:: DATA SHOWN
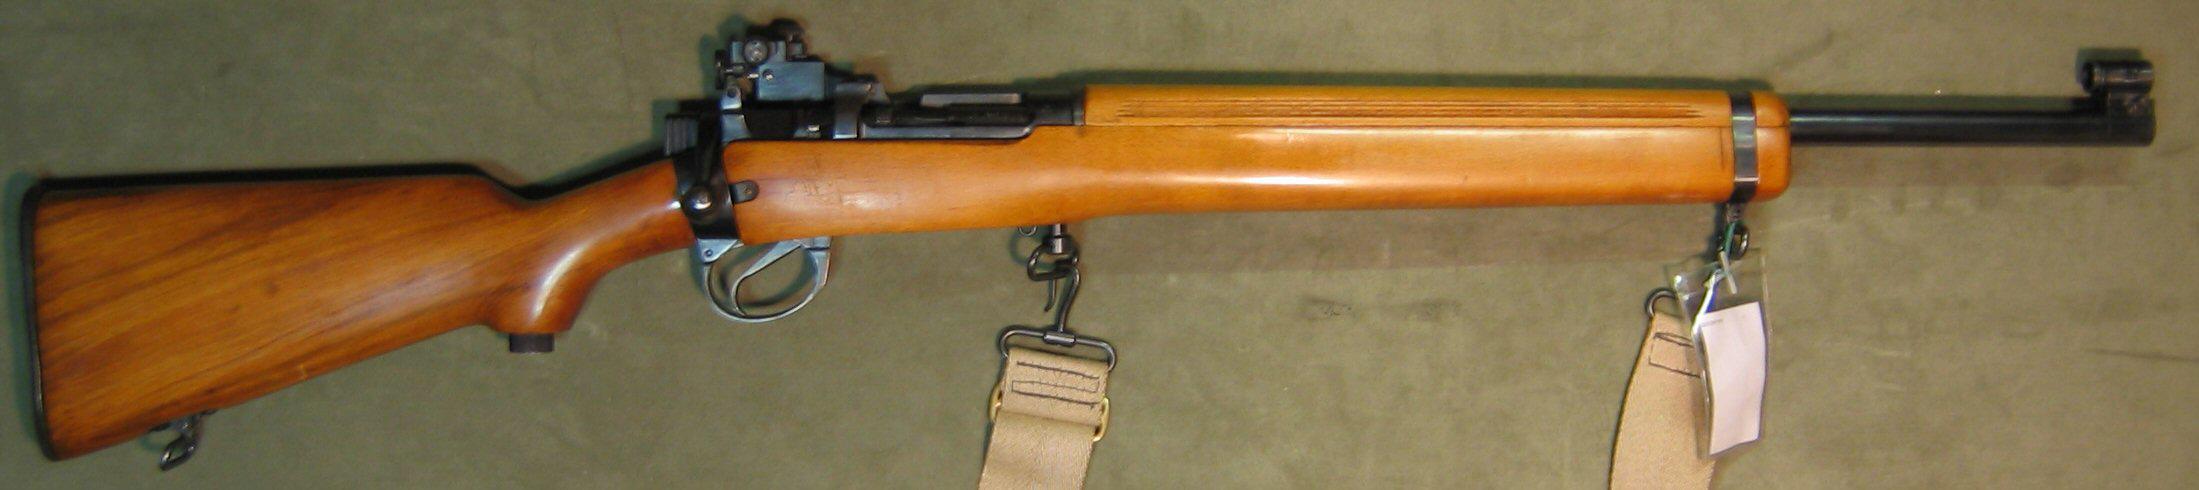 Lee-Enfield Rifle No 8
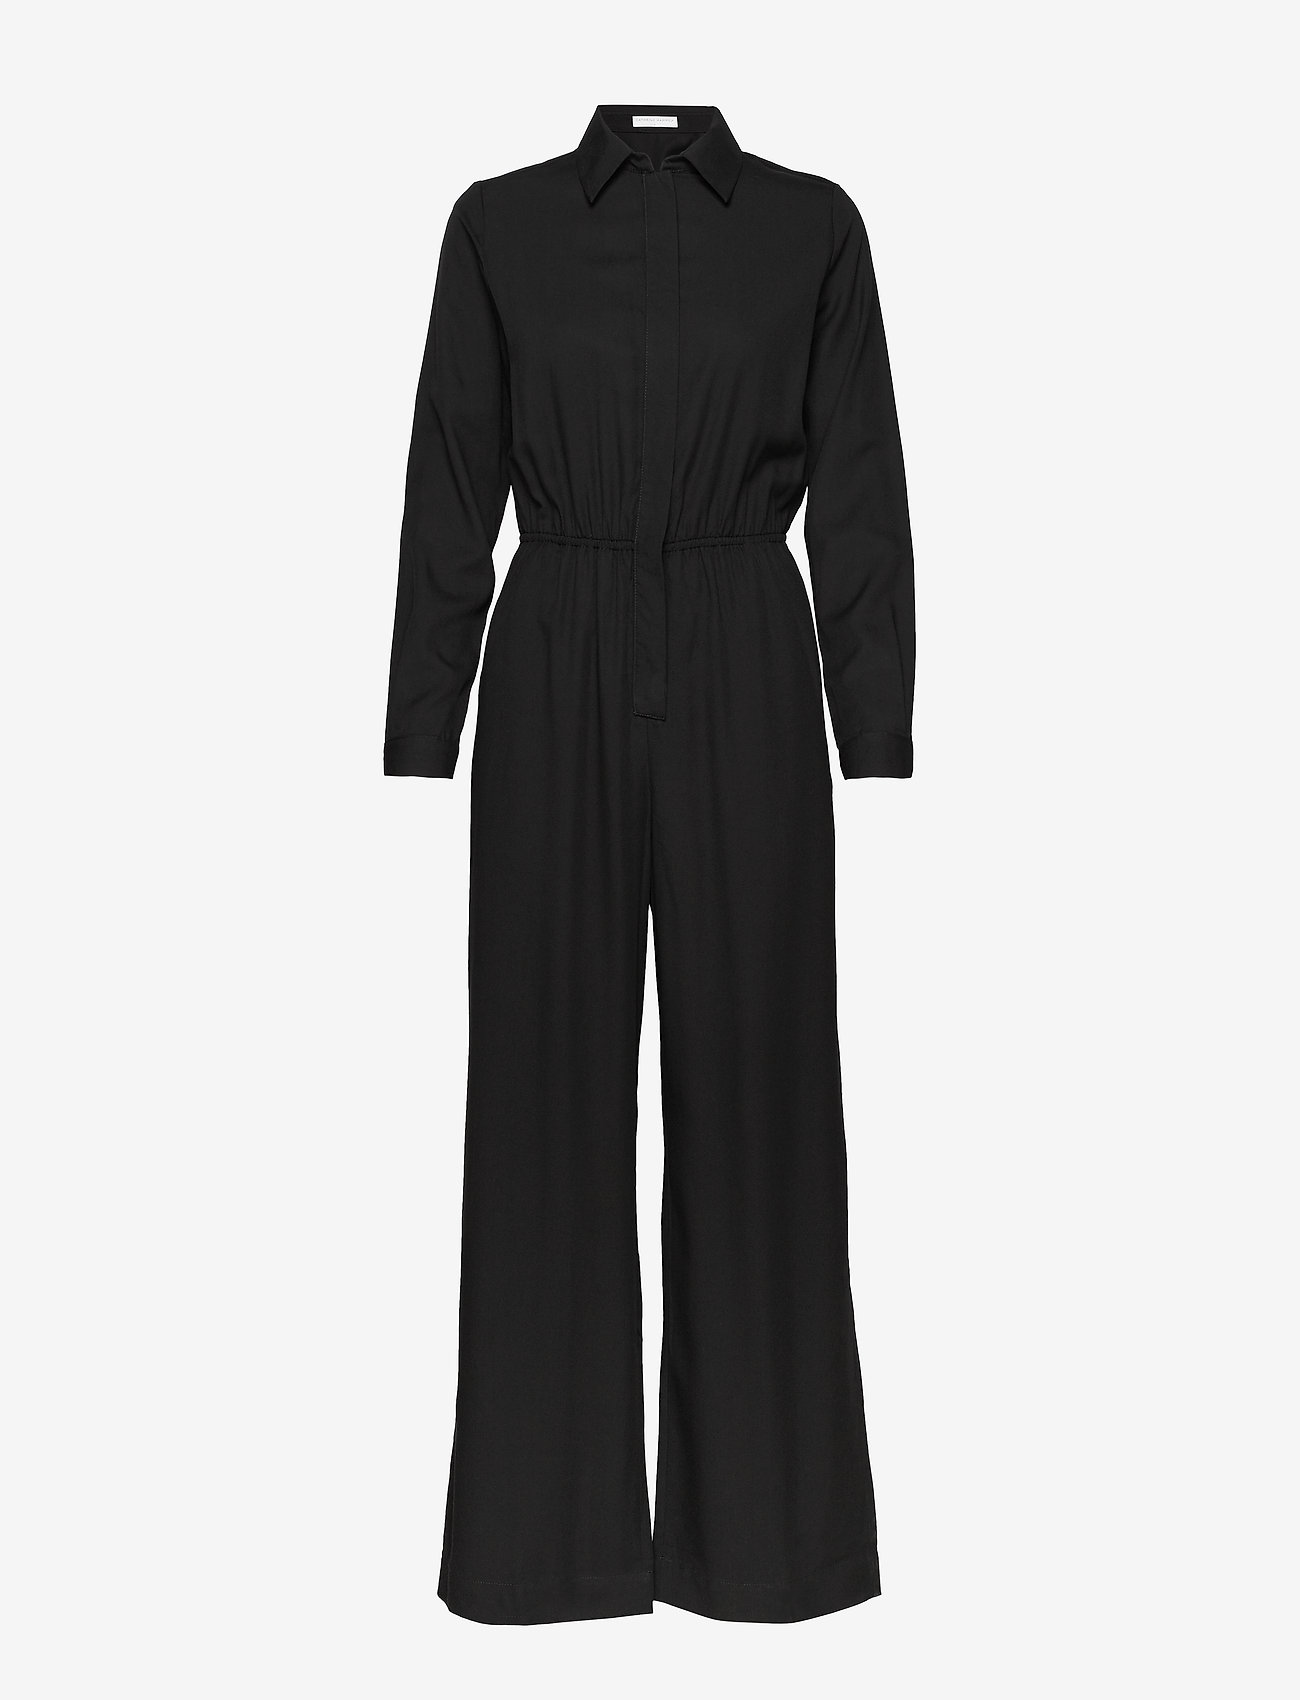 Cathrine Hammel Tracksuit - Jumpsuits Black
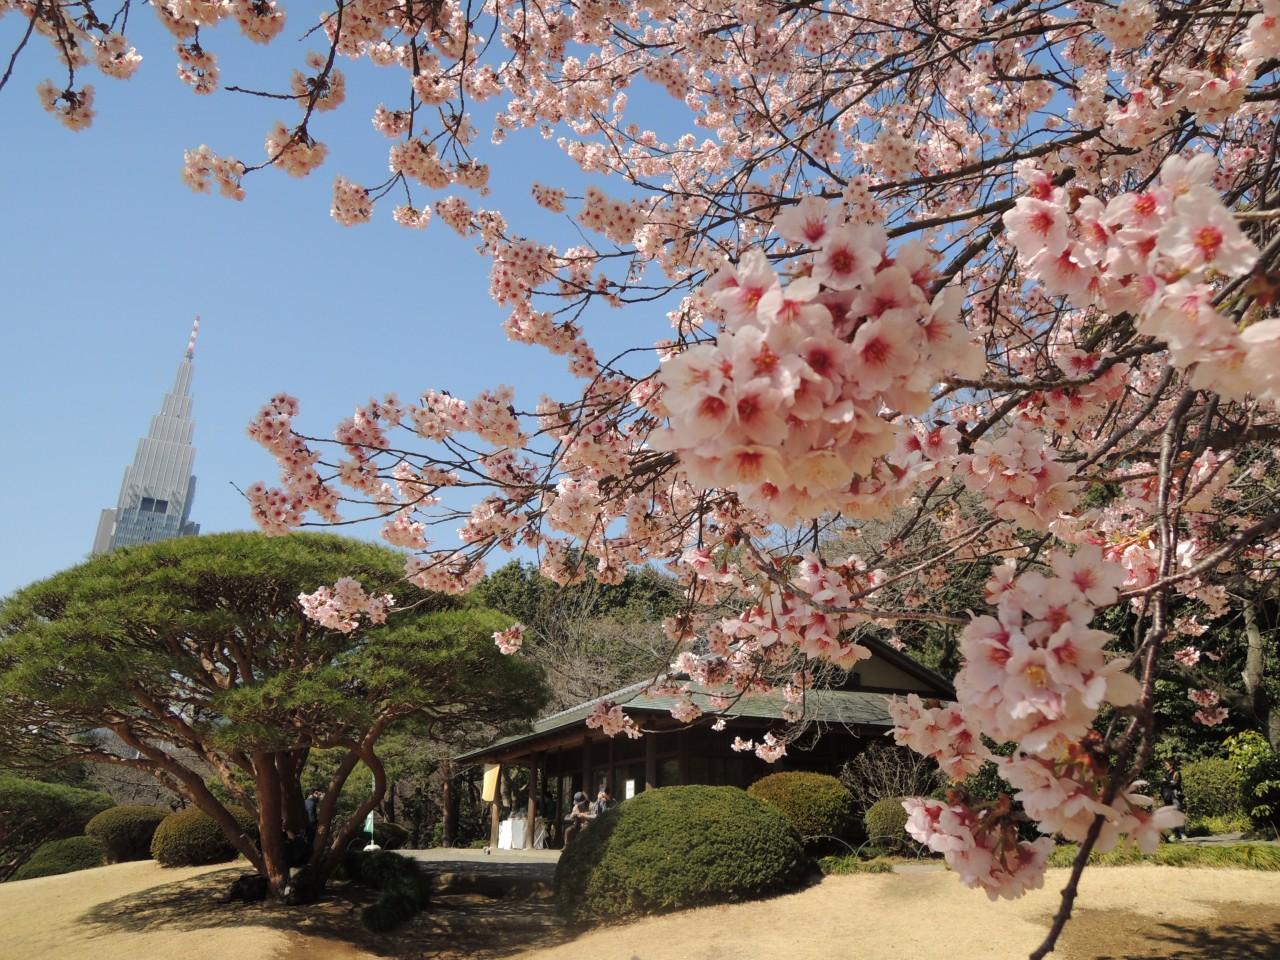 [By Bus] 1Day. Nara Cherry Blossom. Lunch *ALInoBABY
::::
**WHAT YOU ARE ASKED TO DO**: Could you reproduce the listing above word for word while leaving out its pictures?

**EXERCISE SOLUTION**:
 Lee-Enfield Rifle No 8
 Cathrine Hammel Tracksuit - Jumpsuits Black
 [By Bus] 1Day. Nara Cherry Blossom. Lunch *ALInoBABY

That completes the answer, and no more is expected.